Но дед не слушает ее излияний и тянет с кровати свое:
Дуся потихоньку начинает вторить ему, потом с упреком глядит на деда: мол, разлюбил и сделался чужой — 'ить про тебя это, ирод'…
Дед, понимая, что нужно совершить какое-то дело, чтобы избежать упреков в разбитой жизни, спускает ноги в кальсонах на пол и властно приказывает:
— Тащи бутылку!
Евдокия лезет в гардероб, достает заветную бутылку 'Агдама' и, отмякнув после стопки, снова начинает вспоминать детство и девичество, уже не придираясь к деду:
— А тата петь любил 'Ухаря купца': 'Пей, пропивай, ишшо наживем…' Тата по-хохляцки пел, по- русски говорил плохо. Бабушка деду дядю Лександра и дядю Сергея привела. У нее они нажитые были. Сергея в армии убили. Потом другой Сергей родился. Ты не спорь! Я лучше знаю! Это другой Сергей! Как он на тальянке песни играл!
Молчанье… Только слышно, как на Тунгуске, ухая, опускается лед.
После усталого затишья разговор начинается снова — и все о том же:
— Кольку-то я нажила, а больше родить не могла. В пекарне работала, мешки таскала… Степа меня и взял с ребенком… А что?! У других по два, по три набеганы, и то замуж выходют! В Непе я жила одна. Руки отнялись в пекарне. Врач Петухова уколы делала. Хорошая женщина была, потом пить стала, с партии ее исключили. Я говорю: 'Везите меня в Гаженку к родным. Руки, ноги не владеют, а мне пекарню принимать надо'. — Дед чего-то поправляет Евдокию. Она кричит на него: — Не ври! Не мешайся, Рома! Я в сорок шестом туда приехала; булочки тебе стряпала!

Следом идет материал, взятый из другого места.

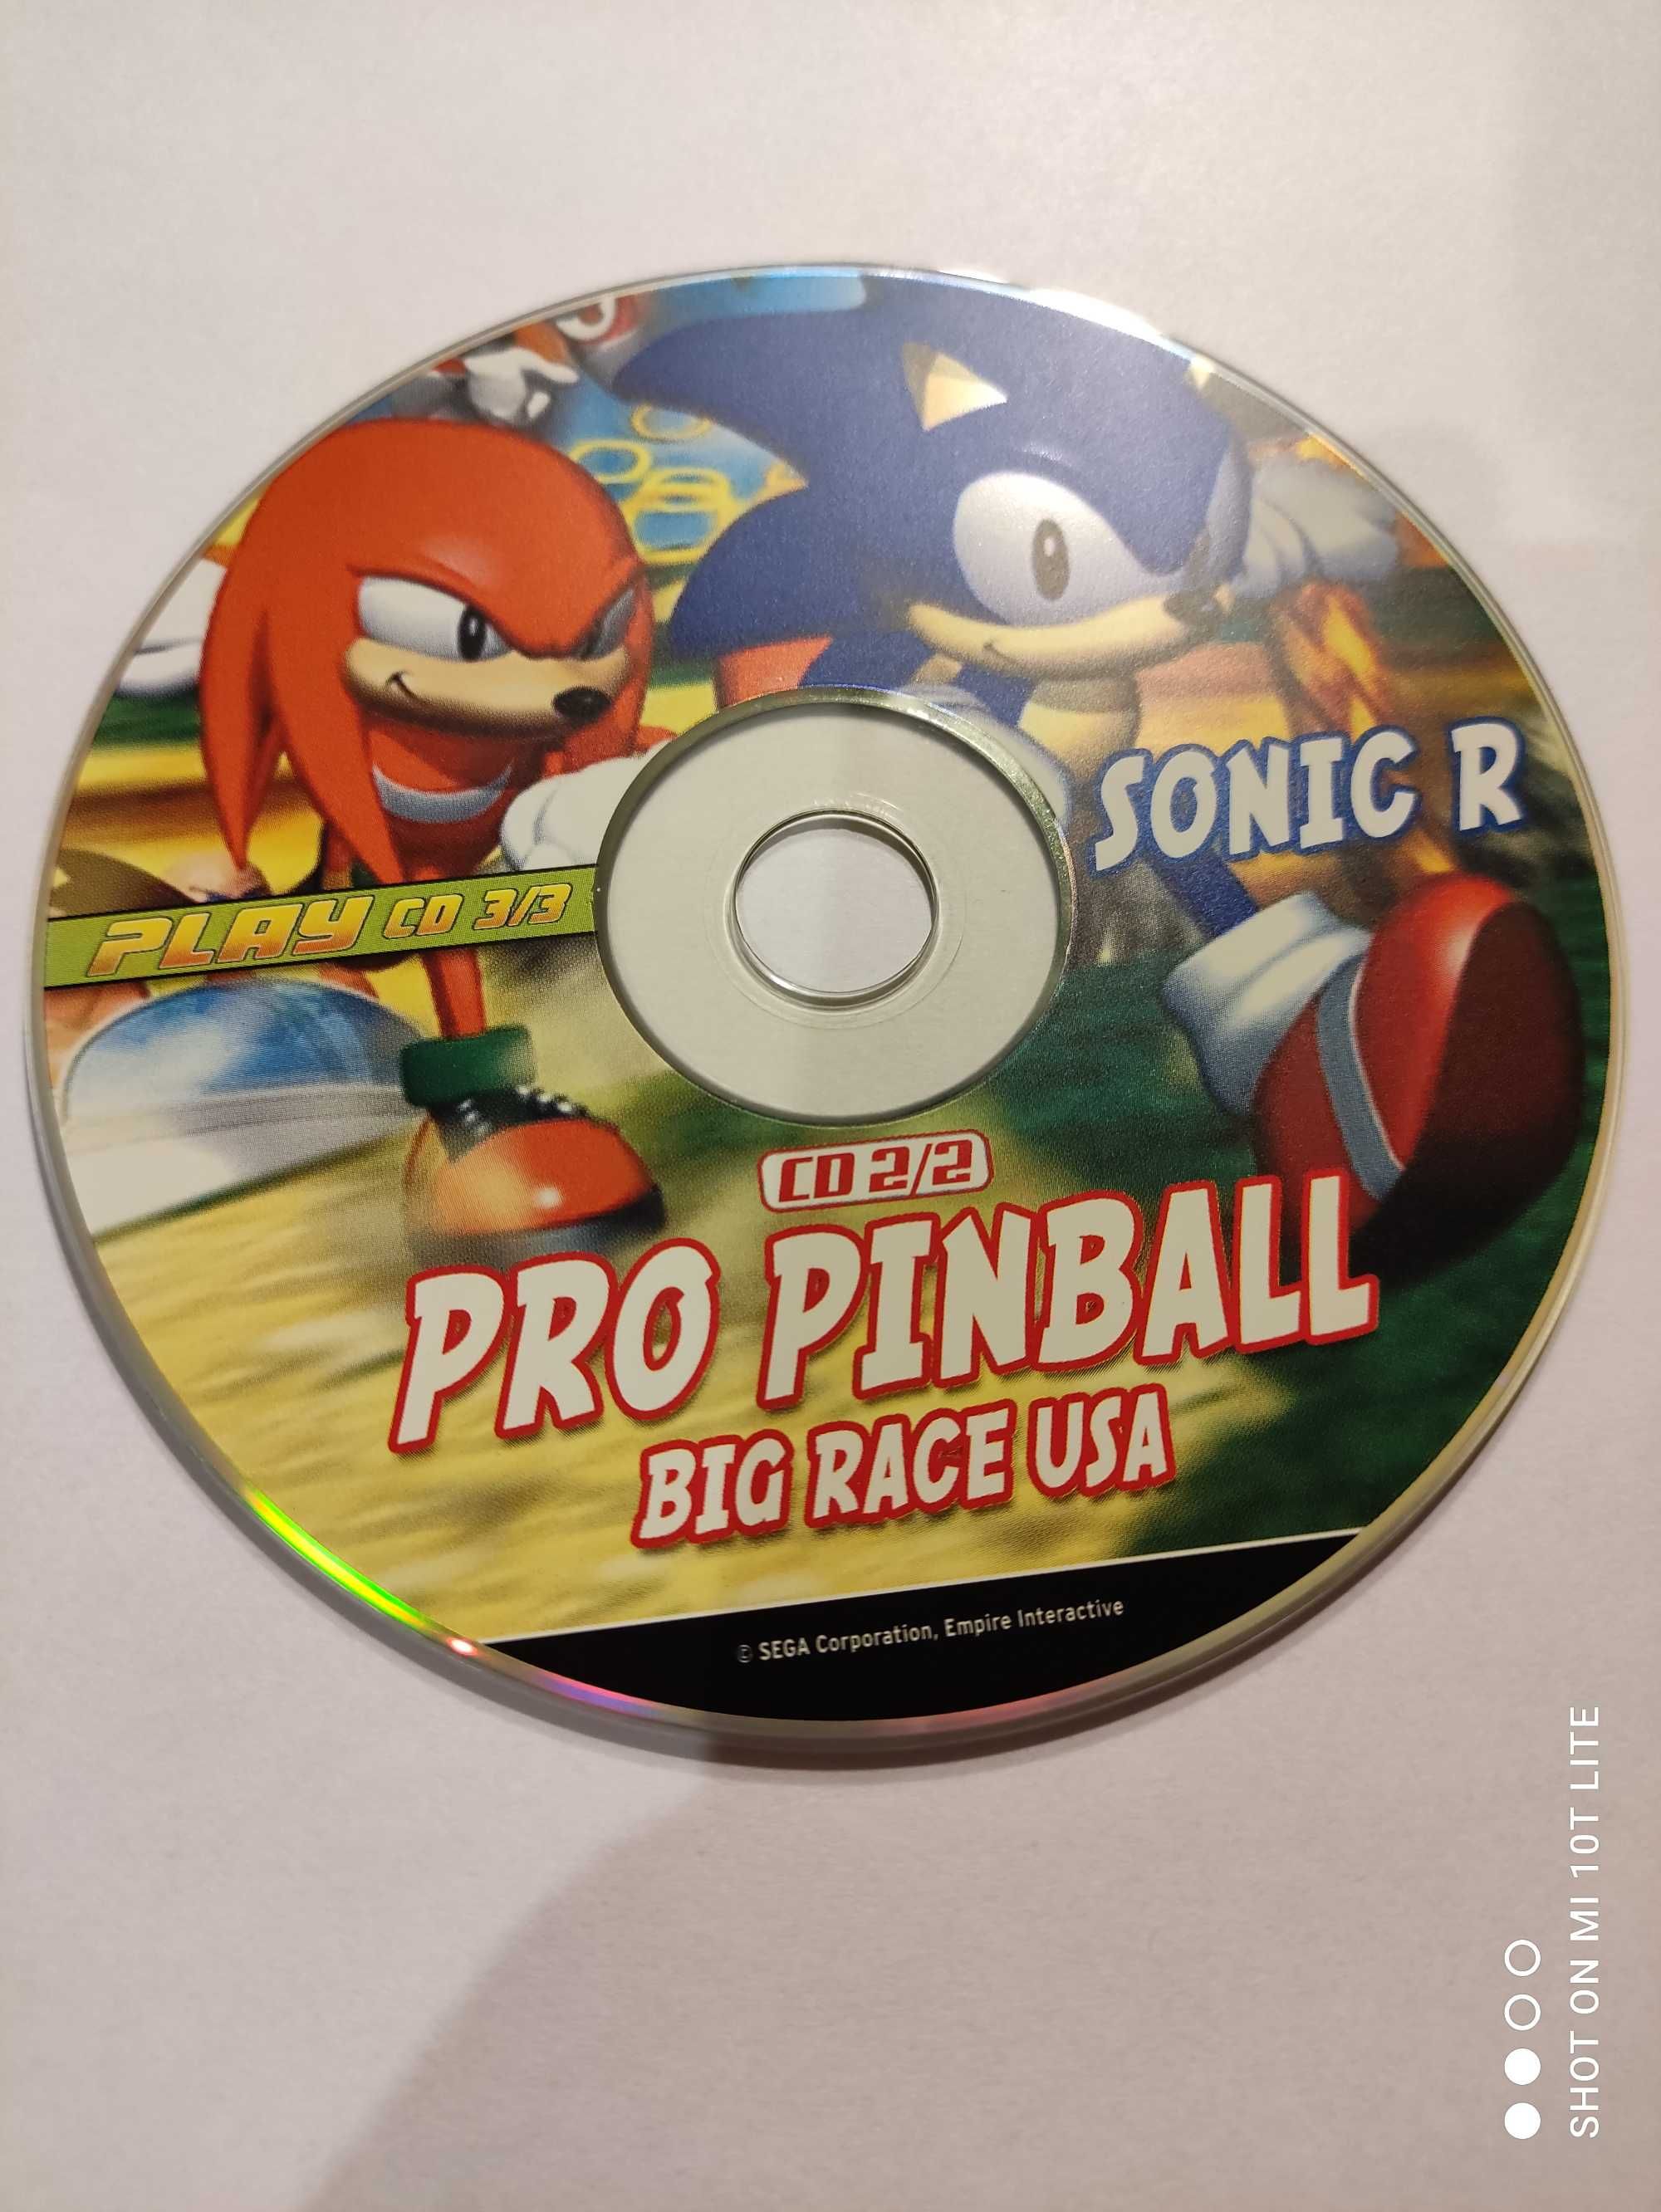 Gram komputerowa Pro Sonic R.

Руки, ноги отнялись. На холоде работала. Дорошенко меня на ручках носил, с ложечки кормил… Рассолу бочку навели и в бочку меня сажали, восемь ванн сделала…
— А сын-то его?
— Нет, от другого… Я за Степу вышла, а Дорошенко пишет и пишет родным: если, мол, Дуся не вышла замуж, сообщите, я приеду, — победоносно взглядывает на деда, как будто мифический Дорошенко, если она захочет, хоть завтра сможет приехать… — Ох, какой хорошей был мужчина, уважительный. Он меня на ручках носил. Не то что ты! — Глаза у Евдокии сверкнули, седые космы вылезли из-под платка, сухонькая ручонка взлетела к дедовскому подбородку. — Он мне не писал, родным писал, раз пришла к сестре — смотрю, письмо на лампе лежит…
Дед очнулся, поднял голову:
— Хватит тебе… Ты у меня как Польша! Дуся аж взвизгнула:
— У меня никого не было! Я одного нажила! А люди по два, по три наживают! И отец мой не поляк, а самый настоящий хохол! Тата за всех меня любил! — Евдокия начинает подвывать, вытирая слезы концами кашемирового платка.
Я, чтобы отвлечь ее от печальных воспоминаний, опять перевожу разговор на песню:
— Дуся, давай мою любимую. — Стараюсь выводить красиво и правильно: 'Позарастали стежки- дорожки…' Ну конечно же, сейчас она вспомнит, подхватит, обмякнет голосом и сердцем, ведь пели же они эту вечную песню, сейчас вторить начнет; нет, слов не помнит! Дед в кальсонах, приподнявшись на кровати, из последних сил командует своей старухой:
— Да погоди ты, балаболка! Спой старинную песню, онкульскую, которую Лазарь Михайлович любил.
Евдокия не помнит онкульской песни, дед сбил ее с настроя и перехватил вожжи разговора на какое-то время в свои руки.
— Лазарь Михайлович, годок мой, утонул. Выпимши сел в лодку да по большой воде по верховке поплыл на тот берег — там у его на озерах сети. На берегу еще постоял и запел старинную онкульскую песню, — все ты забыла, старая, сел в лодку да и ушел за поворот… И с концами. Видать, лодка перевернулась, там кряжи, а вода — бешеная, верховая, на них и нанесло. Искали целую неделю, водолазов вызывали из Иркутска, а я сразу сказал — вода спадет, у Курьи искать надо. Так и вышло. Федька-моторист — месяц уже прошел — шпарит на моторе, глядь, у Курьи утопленник. Он и есть, Лазарь Михайлович, царство ему небесное, славный был мужик, фронтовик, но выпивать любил — ой любил! Всю Европу прошел, Чехословакию вызволял, Венгрию. Два ордена Славы! К третьему был представлен. Да по ранению в госпитале не нашли… Утоп… — Дед машет рукой, мол, жизнь — жистянка, поджимает губы. — Старинную онкульскую песню запел перед смертью, как в лодку сесть. Плохо дочери отца держали. Штаны оденет, грязи пулей не пробьешь. Не было ему никакого присмотру…
Дуся, чувствуя себя виноватой, что ничего не помнит — ни онкульской песни, ни 'Стежки-дорожки', в конце концов заявляет нам, что одну старинную она знает. Опять выходит на середину избы, поправляет платок, вытягивает руки по швам.